Dataset excerpt Block Start

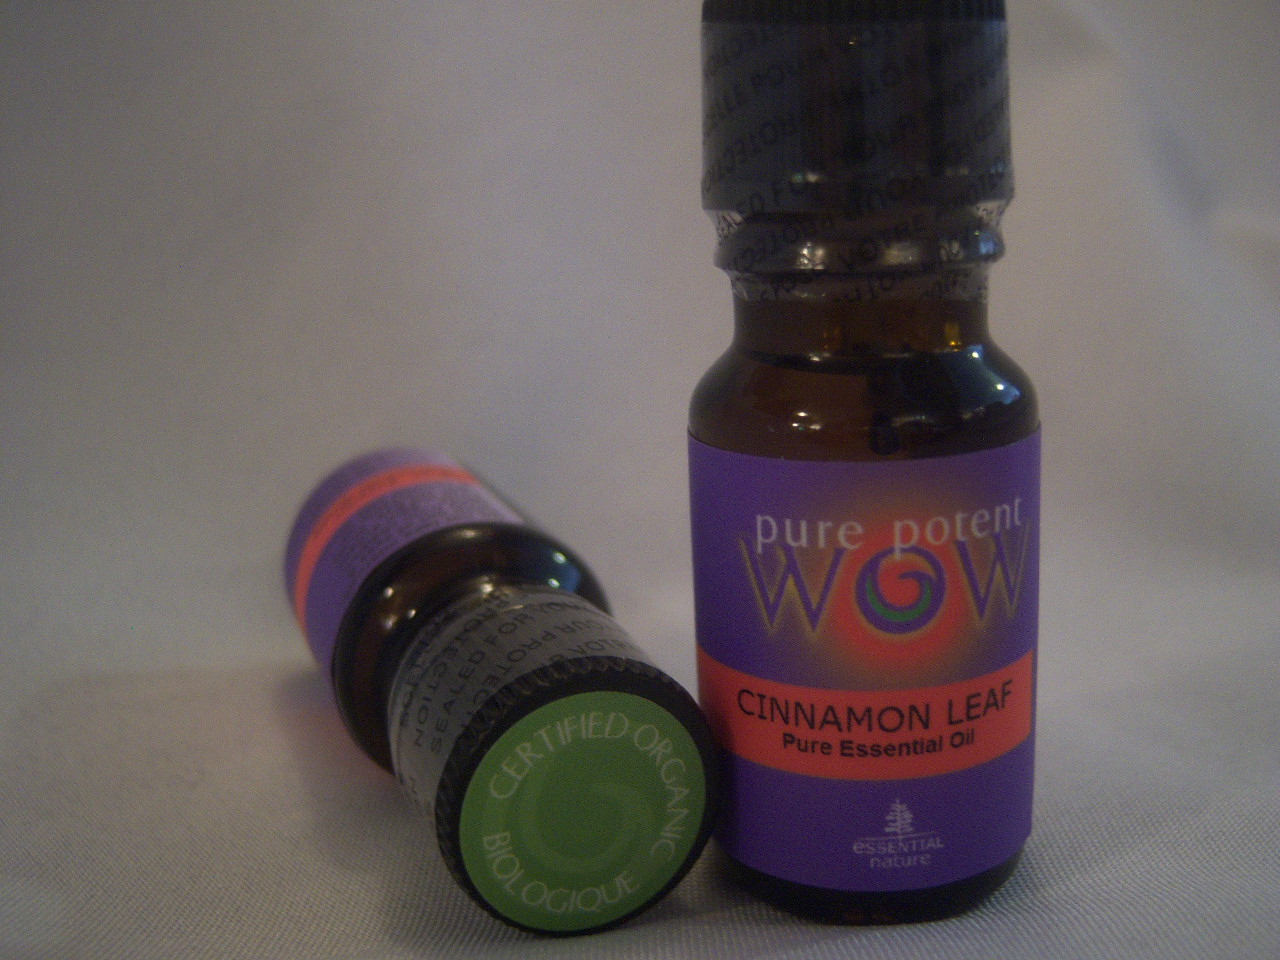 Cinnamon Leaf essential oil
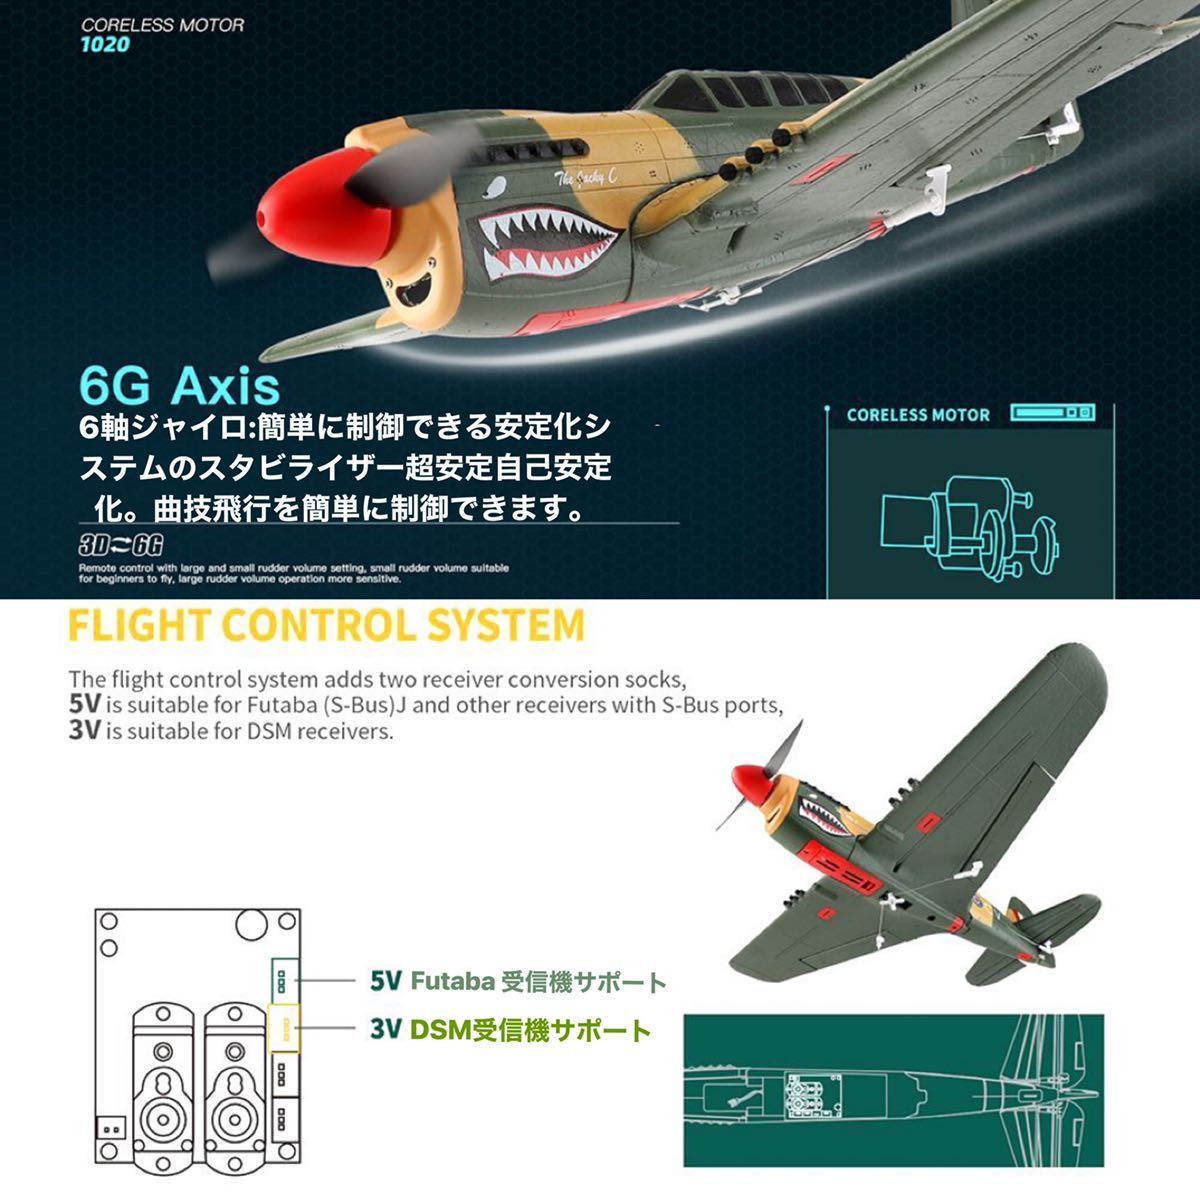 モード1送信機付き 即飛行 XK A220 P40戦闘機 Futaba DSM拡張付き マイクロスケール飛行機 3D/6G切替 wltoys 4CH 2.4G RC ラジコンプレーン
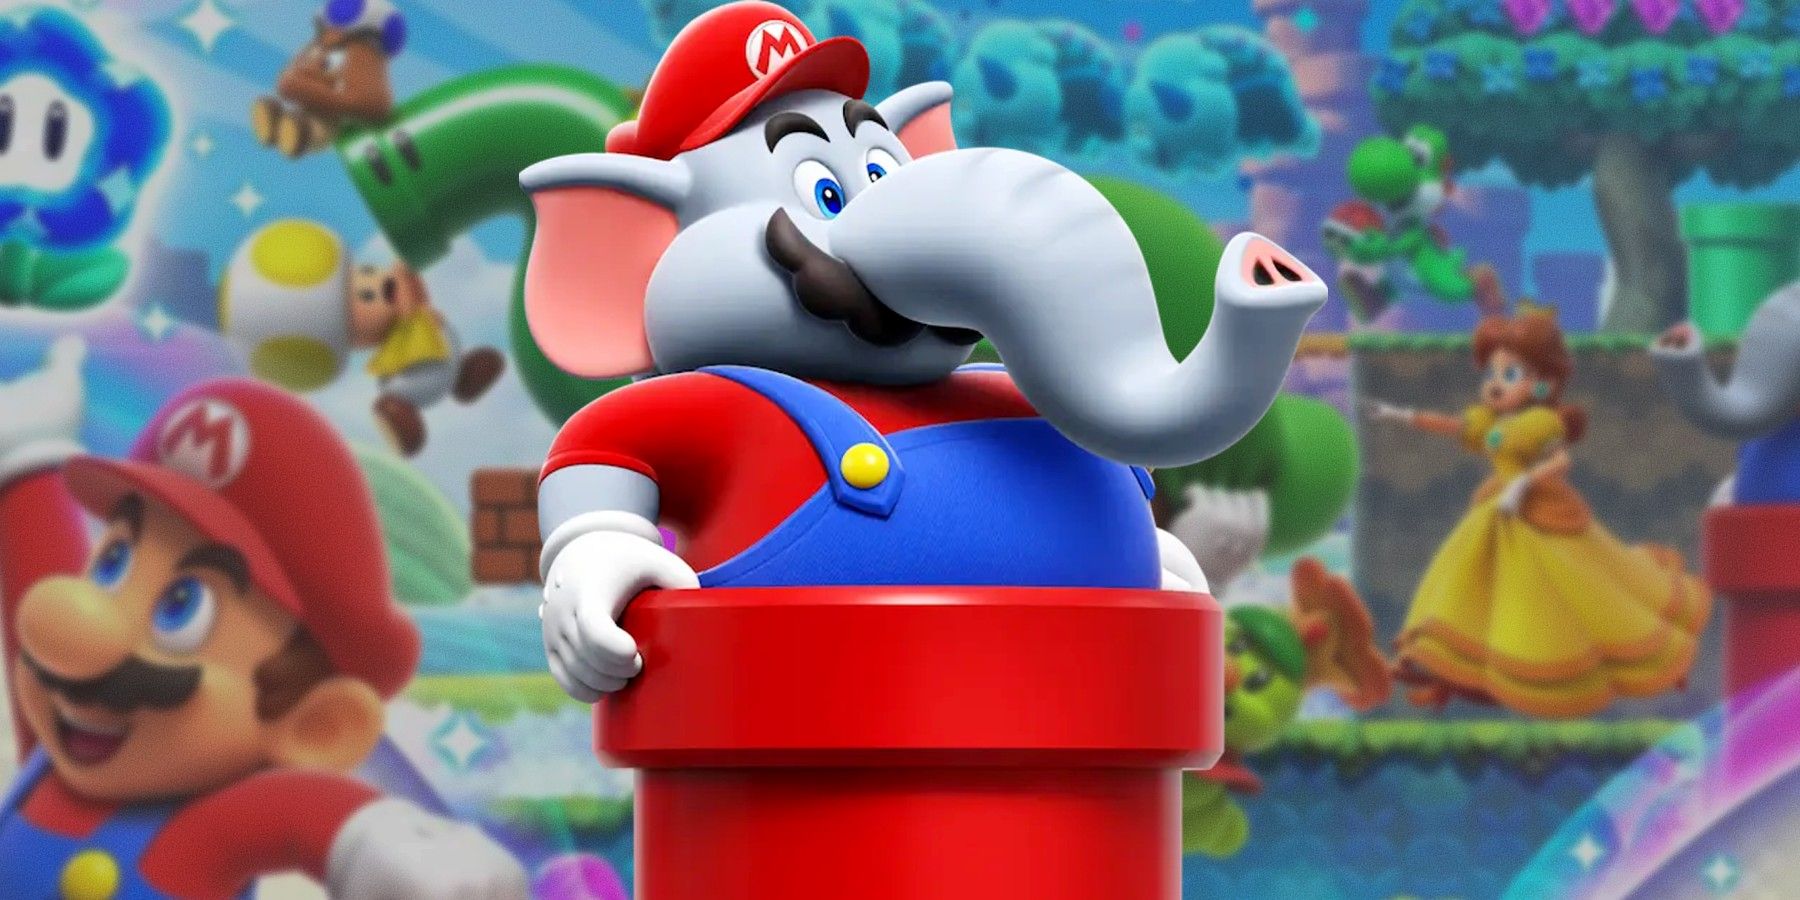 Reseña de Super Mario Bros. Wonder: "La aventura más mágica de Mario"
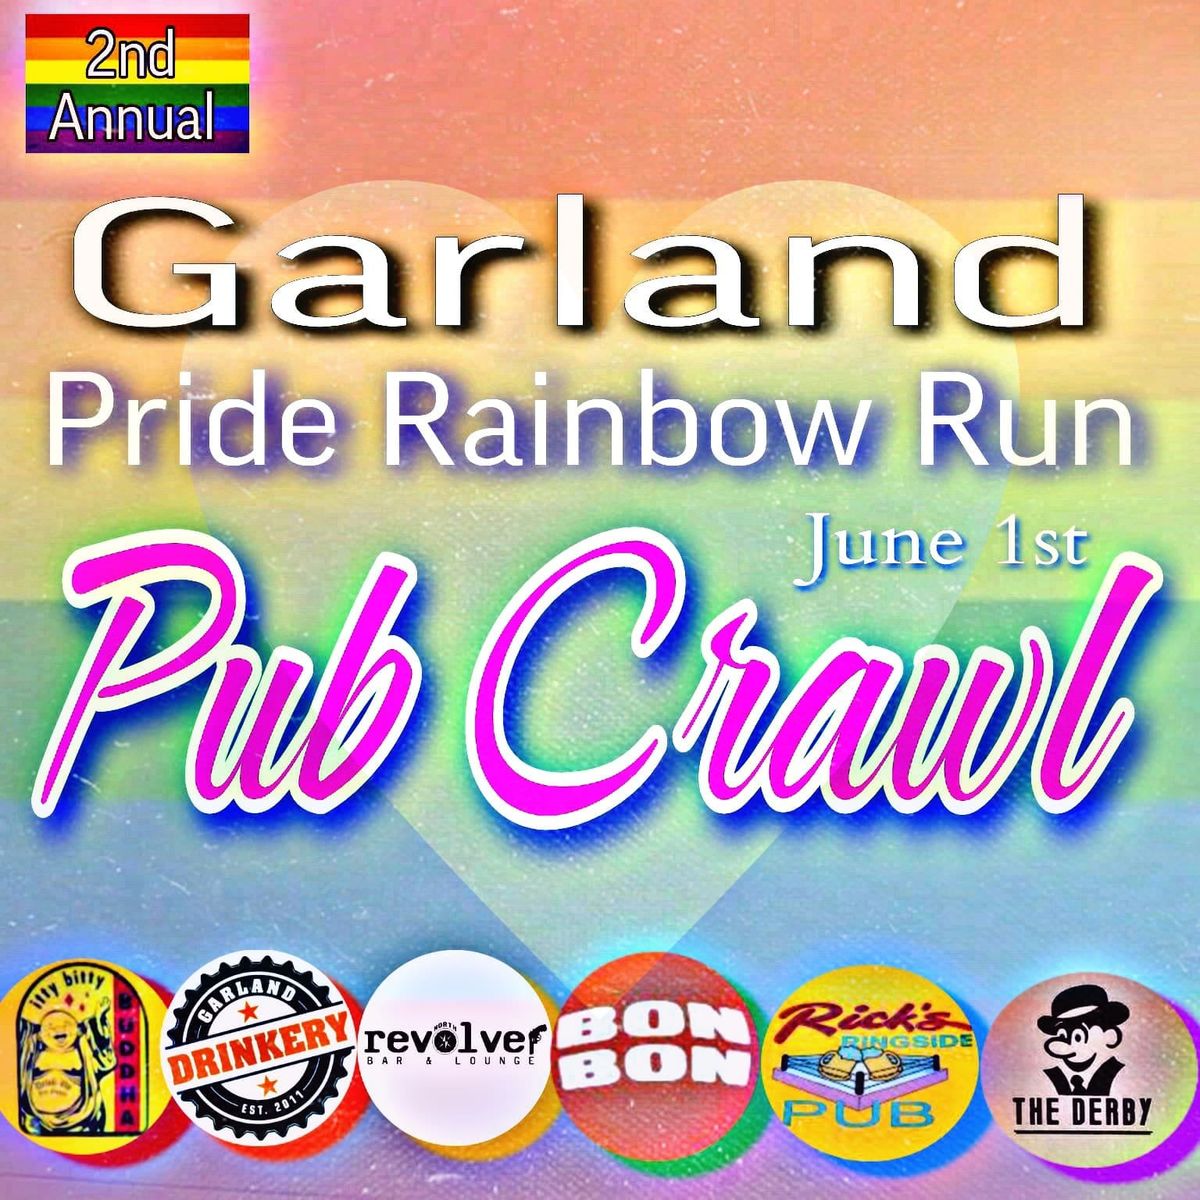 Garland Pride Rainbow Run Pub Crawl 2nd Annual

Dataset excerpt Block End

**Task item**
Would you output the full listing exactly as it stands, minus the images?

**Result for this task**
 Cinnamon Leaf essential oil
 モード1送信機付き 即飛行 XK A220 P40戦闘機 Futaba DSM拡張付き マイクロスケール飛行機 3D/6G切替 wltoys 4CH 2.4G RC ラジコンプレーン
 Reseña de Super Mario Bros. Wonder: "La aventura más mágica de Mario"
 Garland Pride Rainbow Run Pub Crawl 2nd Annual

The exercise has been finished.